**MATERIAL SUPPLIED:**
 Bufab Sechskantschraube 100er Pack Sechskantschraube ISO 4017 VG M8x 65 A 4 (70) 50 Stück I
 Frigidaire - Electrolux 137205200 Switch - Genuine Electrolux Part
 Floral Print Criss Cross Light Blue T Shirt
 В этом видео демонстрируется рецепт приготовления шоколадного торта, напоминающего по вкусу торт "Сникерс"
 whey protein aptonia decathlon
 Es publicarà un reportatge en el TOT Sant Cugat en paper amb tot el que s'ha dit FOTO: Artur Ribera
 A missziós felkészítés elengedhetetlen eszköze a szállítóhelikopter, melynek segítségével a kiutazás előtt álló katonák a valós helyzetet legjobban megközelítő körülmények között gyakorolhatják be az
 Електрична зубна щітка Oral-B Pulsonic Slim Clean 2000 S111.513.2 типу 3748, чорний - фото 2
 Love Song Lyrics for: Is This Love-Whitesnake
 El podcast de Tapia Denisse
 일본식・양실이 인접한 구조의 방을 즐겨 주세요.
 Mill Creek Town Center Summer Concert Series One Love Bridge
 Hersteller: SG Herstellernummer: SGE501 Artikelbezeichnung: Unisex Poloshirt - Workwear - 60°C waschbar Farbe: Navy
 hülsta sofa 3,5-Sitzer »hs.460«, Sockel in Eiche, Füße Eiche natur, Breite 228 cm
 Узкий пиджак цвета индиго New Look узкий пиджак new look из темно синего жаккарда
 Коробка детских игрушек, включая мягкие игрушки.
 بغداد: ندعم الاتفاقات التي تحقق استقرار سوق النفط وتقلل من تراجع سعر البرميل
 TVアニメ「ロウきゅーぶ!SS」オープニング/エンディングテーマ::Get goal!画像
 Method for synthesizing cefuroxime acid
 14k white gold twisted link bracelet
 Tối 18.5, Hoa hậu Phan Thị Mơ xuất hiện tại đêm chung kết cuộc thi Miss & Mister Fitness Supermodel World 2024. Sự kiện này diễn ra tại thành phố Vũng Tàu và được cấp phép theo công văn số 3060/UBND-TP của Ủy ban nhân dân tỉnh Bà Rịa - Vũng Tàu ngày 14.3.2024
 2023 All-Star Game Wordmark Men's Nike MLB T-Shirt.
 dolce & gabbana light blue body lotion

**TASK REQUIREMENTS:** Gather each line in these records that contains the string "Love".

**RESULT:**
 Love Song Lyrics for: Is This Love-Whitesnake
 Mill Creek Town Center Summer Concert Series One Love Bridge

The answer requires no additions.